See previous mail to Minchan; local_tlb_flush_kernel_range calls
cpu_tlb.flush_kernel_range on SMP, but a direct function call
("glue(_TLB, flush_kernel_range)" which resolves to
v7wbi_flush_kernel_range etc. etc.) without CONFIG_SMP. That direct
function call it resolves to is not an export and Russell just said he
won't accept a patch to export it.

> If you have an ARM server that you would be willing to part with I would
> be thrilled to look at it.

>> diff --git a/drivers/staging/zsmalloc/zsmalloc-main.c
>> b/drivers/staging/zsmalloc/zsmalloc-main.c
>> index 09a9d35..ecf75fb 100644
>         > --- a/drivers/staging/zsmalloc/zsmalloc-main.c
>> +++ b/drivers/staging/zsmalloc/zsmalloc-main.c
>> @@ -228,7 +228,7 @@ struct zs_pool {
>>   * mapping rather than copying
>>   * for object mapping.
>>  */
>> -#if defined(CONFIG_ARM)
>> +#if defined(CONFIG_ARM) && defined(CONFIG_SMP)
>>  #define USE_PGTABLE_MAPPING
>>  #endif
>>
>> .. such that it even compiles in both "guess" configurations, the
>> slower Cortex-A8 600MHz single core system gets to use the slow copy
>> path and the dual-core 1GHz+ Cortex-A9 (with twice the RAM..) gets to
>> use the fast mapping path. Essentially all the patch does is "improve
>> performance" on the fastest, best-configured, large-amounts-of-RAM,
>> lots-of-CPU-performance ARM systems (OMAP4+, Snapdragon, Exynos4+,
>> marvell armada, i.MX6..) while introducing the problems Russell
>> describes, and leave performance exactly the same and potentially far
>> more stable on the slower, memory-limited ARM machines.
>
> Any ideas on how to detect that?

Nope, sorry. It would rely on knowing the precise configuration *and*
the user intent of using zram which is far beyond the scope of zram or
zsmalloc itself. It could be a VM, a phone with only 256MB RAM and
slow storage, it could be a device with 2TB RAM but no fast local
storage.. whether using it as a compressed block device or a swap
device that is compressed, you can never know inside the driver what
the real use it except the kernel build time config.

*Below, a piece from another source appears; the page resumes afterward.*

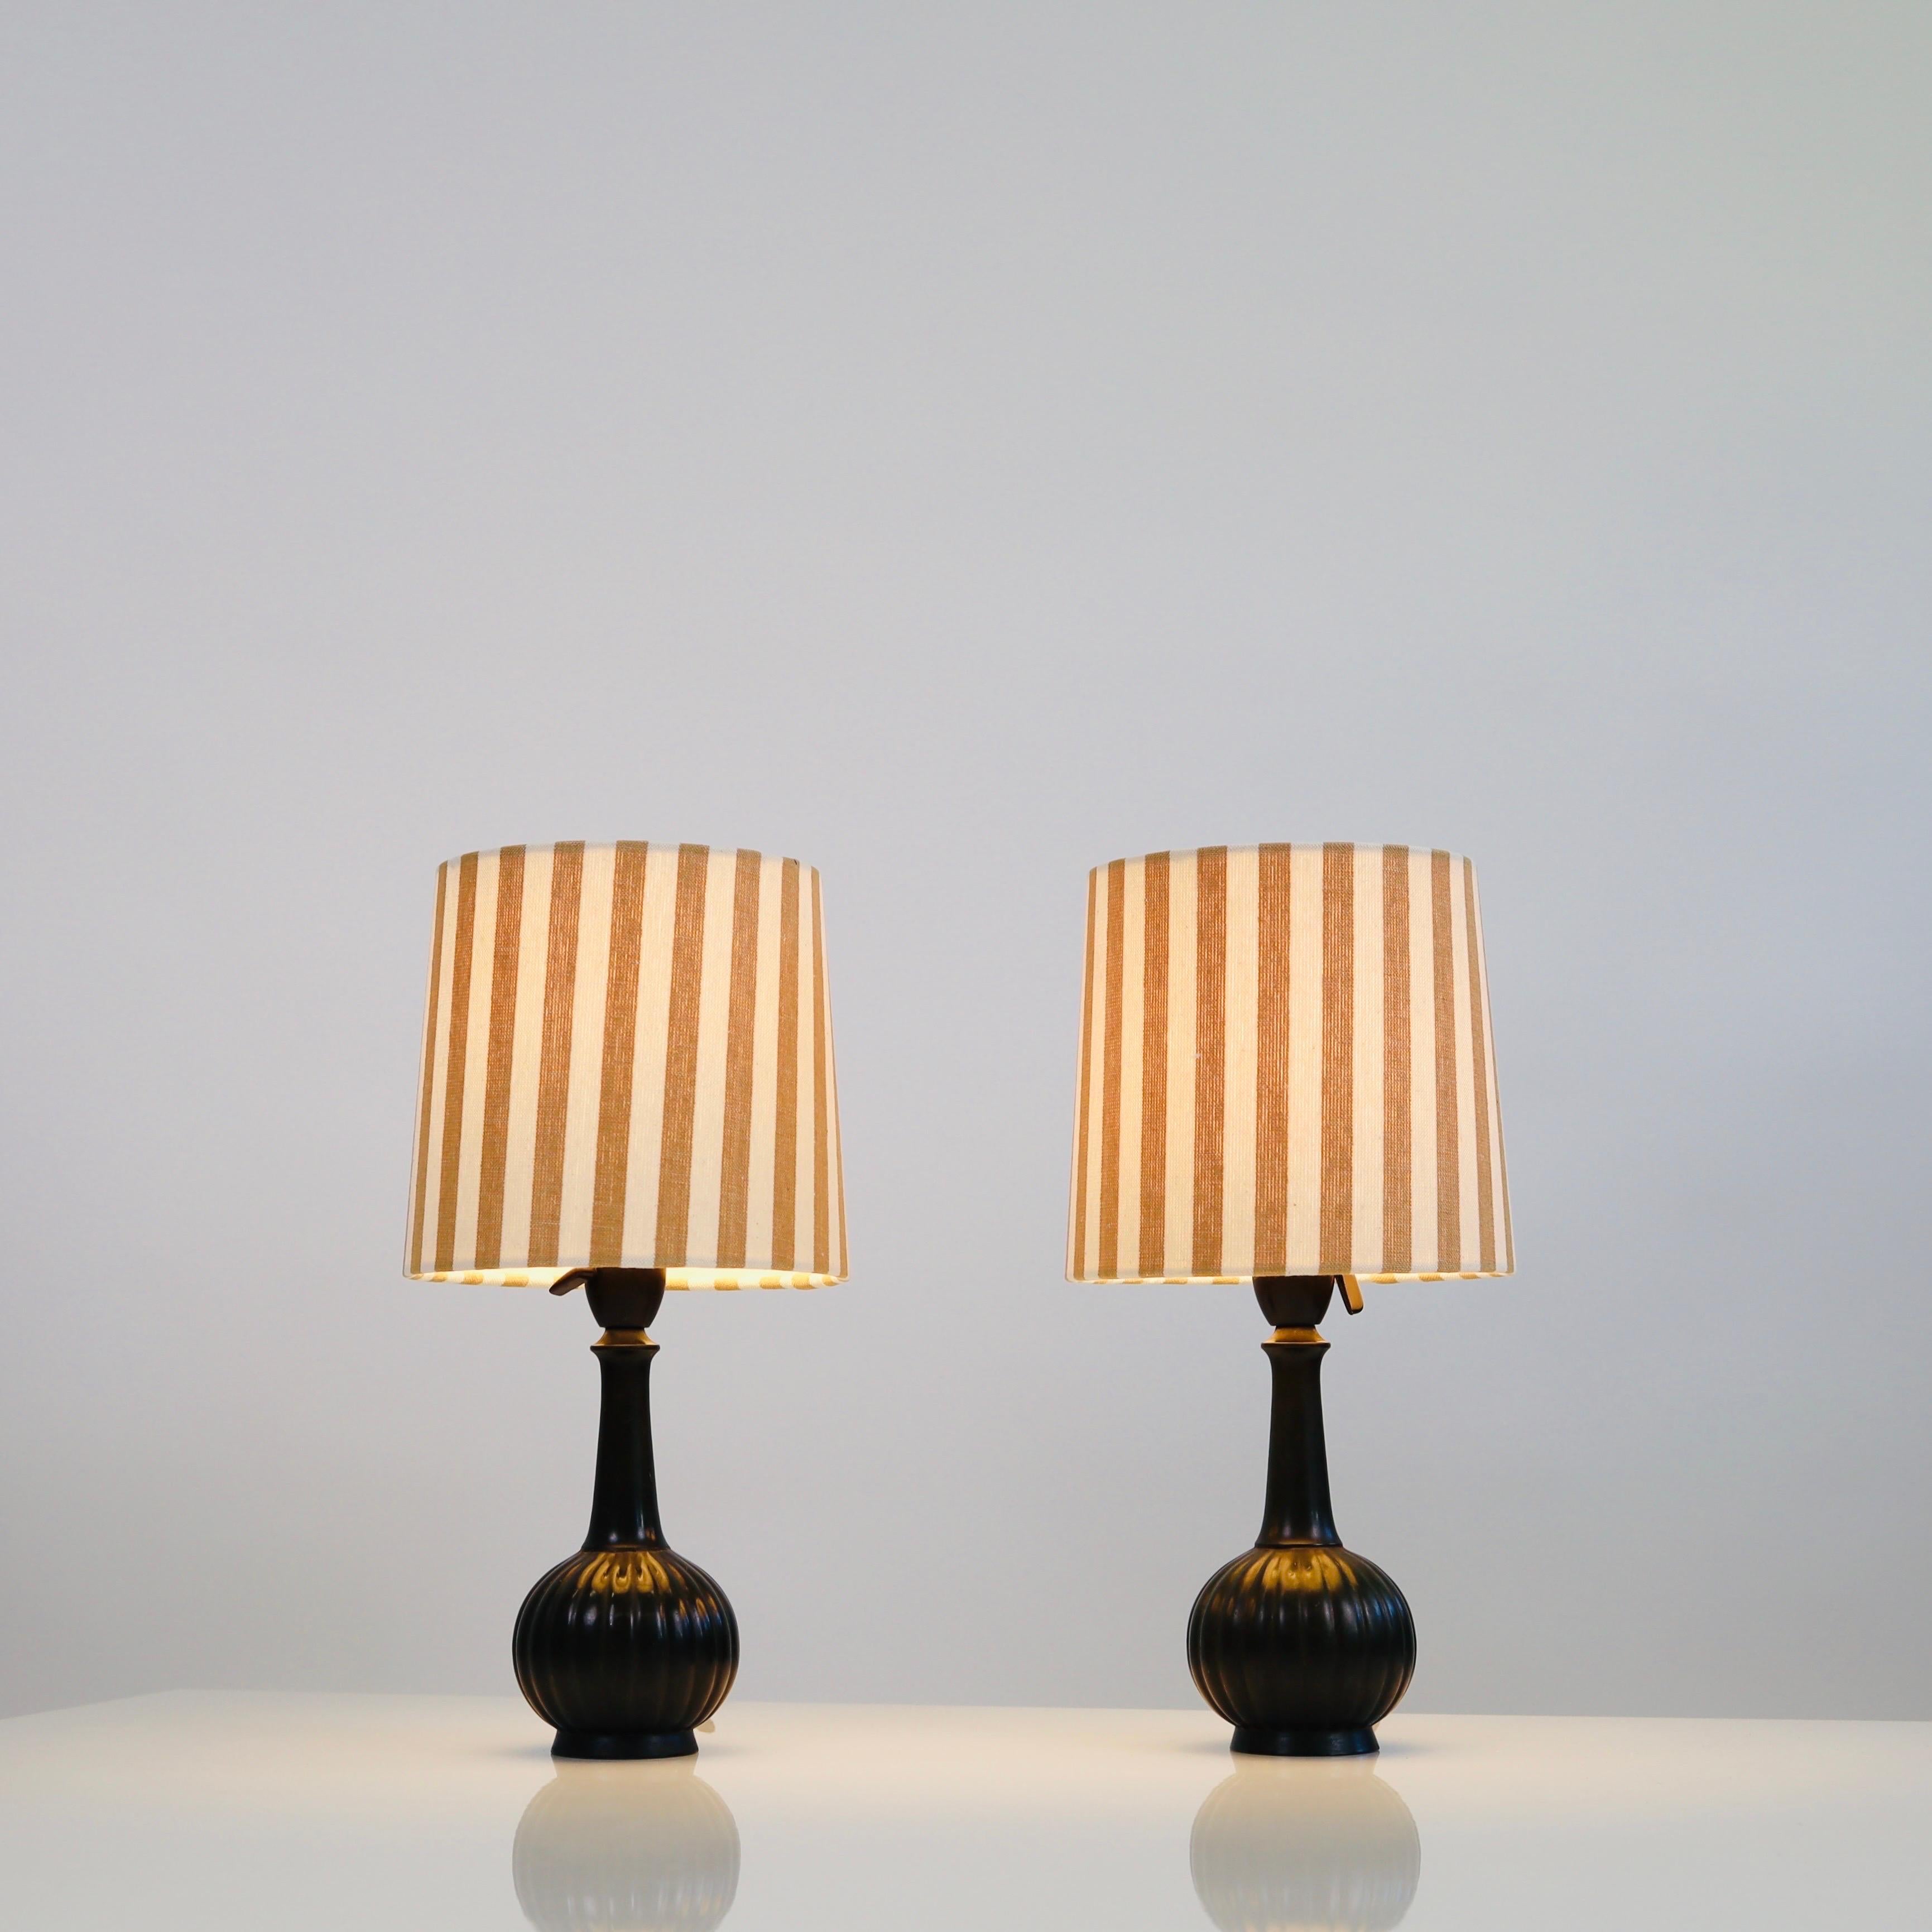 A set of Just Andersen table lamps made in the 1920s and accomplished with new shades made of artisan textile from Mallorca. A rare, exquisite set closing in on a 100 years of life-time.

* A set of metal desk lamps with a round base with vertical

All we can know in zram, at build time, is whether we're configuring
for SMP, UP-on-SMP, or UP (!SMP) and which code path makes more sense
to build (ideally, SMP and UP would run the pagetable mapping code
alike). If we can make the pagetable mapping code compile on UP
without the above patch being required, and it has the same effect,
then this would be the best solution. Then the code needs to be fixed
for proper operation on SMP anyway.

If there are still a bunch of export problems with an alternate method
of flushing the tlb for a range of kernel memory exposed by trying a
different way around, this is just proving an issue here that the ARM
guys disagree that things that can be built as modules should be doing
such things, or that the cpu_tlb.flush_kernel_range vs.
v7wbi_tlb_flush_kernel_range export thing is confusing as crap at the
very least in that the CPU topology model the kernel lives by and is
compiled for at build time causes build breakages if you don't want
(or have) your driver to be knowledgable of the differences :)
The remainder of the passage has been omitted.